Из глубины дома доносилась музыка. Музыка то звучала красиво и мелодично, то так, что хотелось заткнуть уши.

— Катерина Матвеевна даёт нашей дочери уроки игры на клавикордах, — пояснила Ефросинья Макаровна.

А, ну да. У дядей и тётей ведь иногда бывают и свои дети.

— Скоро они к нам присоединятся, — сказал Феофан Александрович. — Предлагаю пока выпить за наше с вами знакомство, Владимир Всеволодович.

Мы подняли бокалы и выпили. Я как-то машинально выпил залпом всё — привык оперировать наливками с градусом посерьёзнее — и Марфа подошла налить ещё.

Послышался негромкий нежный звон — горлышко кувшина стучало о бокал. У Марфы дрожали руки.

Я поднял взгляд и увидел её зелёные глаза, широко раскрытые на бледном лице.

— Марфа! — воскликнула Ефросинья. — Что ты делаешь?

Вино перелилось через край и оставило пятно на скатерти.

— Прощенья просим, — пролепетала Марфа и улетучилась.

Вскоре она вернулась без бокала, с салфеткой. Промокнула пятно и снова убежала. А от пятна и следа не осталось. Красное вино, белоснежная скатерть. Хм… Всё страньше и страньше.

Наконец, музыка смолкла. Прошло ещё минут пять, и две красавицы появились в столовой. Дочка хозяев была помоложе Катерины Матвеевны — лет шестнадцати, наверное, — и выглядела так, будто её только что заставляли толкать воз с кирпичами от Ужиково до Обрадово.

Катерина Матвеевна, похоже, очень хотела тут же броситься мне на шею, но сочла это неприличным. Поздоровались по этикету, сели за стол и отдали должное как первому, так второму, закускам и десерту.

Лишь часа полтора спустя Феофан, откинувшись на спинку стула, оборвал свою без умолку тарахтящую супругу:

— Ну, дорогая, я думаю, молодым было бы теперь интересно провести время без нас.

— Ох, и правда, — спохватилась Ефросинья. — Катюша, покажешь гостю наш сад?

— С удовольствием, тётушка! — Катерина поднялась из-за стола. — Прошу вас, Владимир Всеволодович!

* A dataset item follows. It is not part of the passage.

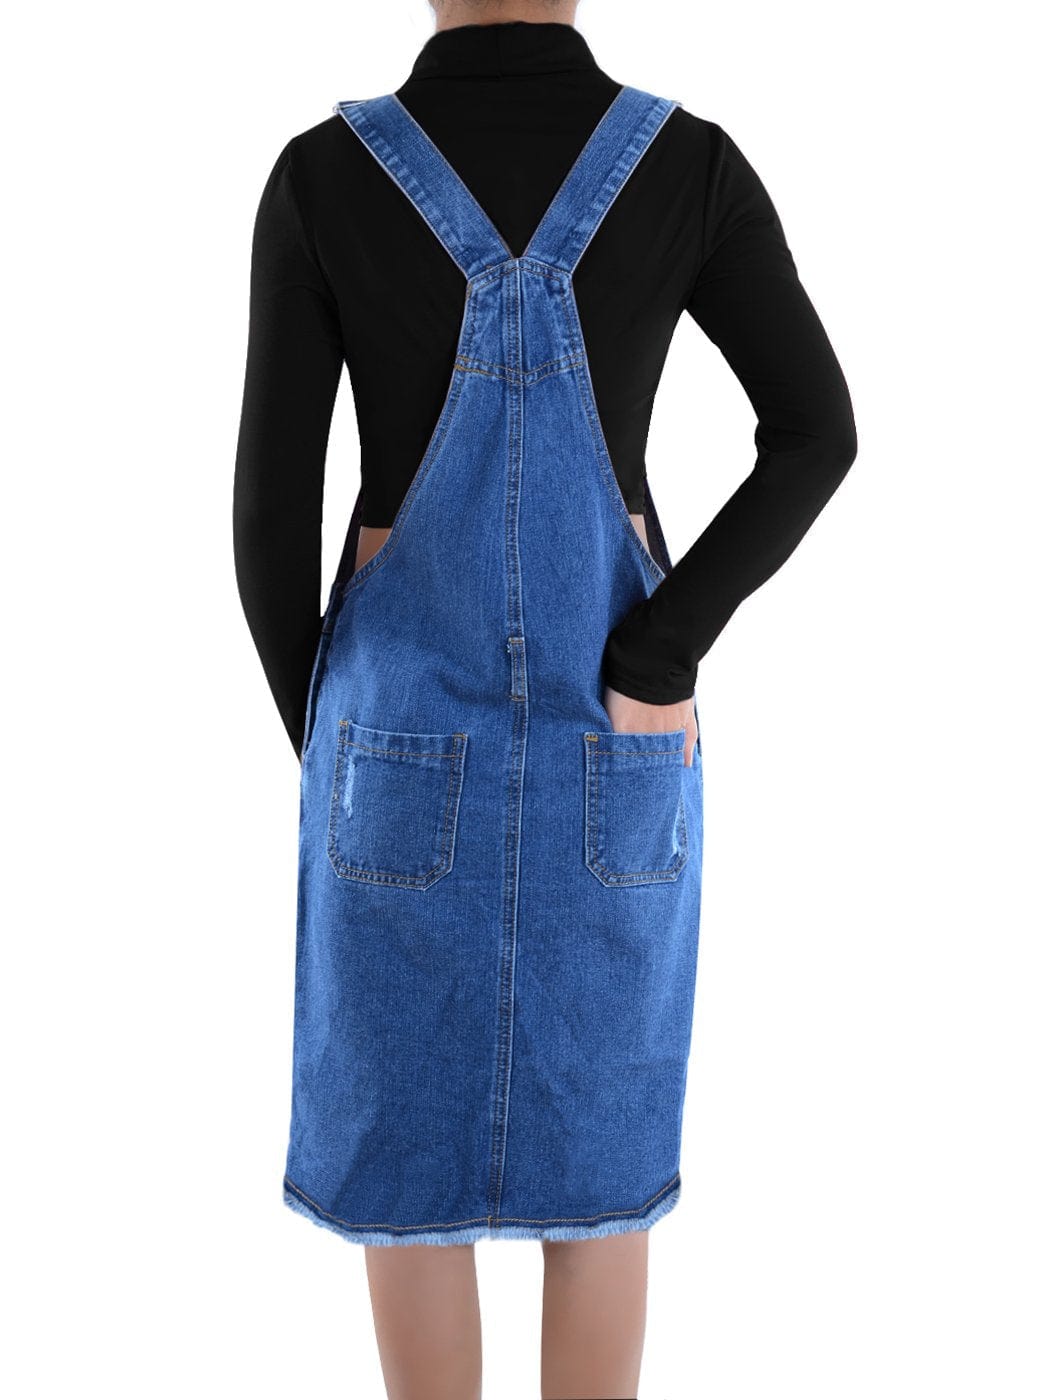 Buy Handmade Womens Denim Chambray Apron Midi Dress Dungarees Pinafore  Available in Sizes Uk4-26 Online in India - Etsy

Уже темнело, и самой активной частью сада оказались комары. Меня они по каким-то загадочным причинам не трогали, а вот на Катерину Матвеевну липли со страшной силой. Она, воспитанная девушка, мужественно держалась и не хлестала себя по лицу, рукам и груди на глазах у гостя. Только отмахивалась веером.

Я мысленно изобразил нужный Знак, и вокруг нас возник невидимый Защитный круг. Комары как-то вдруг закончились. Катерина Матвеевна это сразу заметила и удивилась, но ничего не сказала, а просто повеселела.

— Наконец-то мы с вами встретились при обычных обстоятельствах, Владимир Всеволодович! Вам никуда не нужно бежать, и никто никого не кусает.

— И вправду, — согласился я. — Такие вечера в моей жизни — редкость. И я безмерно рад разделить один из них с вами.

— Вы меня смущаете, — пробормотала Катерина Матвеевна.

Мы присели на скамейку в тени цветущих яблонь. Аромат стоял такой, что можно было сознание потерять.

— Не сочтёте ли за грубость, Катерина Матвеевна, если я задам вам два вопроса, возможно, неподходящих к этому вечеру?

Катерина вздохнула и опустила голову.

— Должно быть, прежде всего вы хотите спросить про Марфу?

— Как вы догадались?

— Вы же охотник. Я так и думала, что вы догадаетесь.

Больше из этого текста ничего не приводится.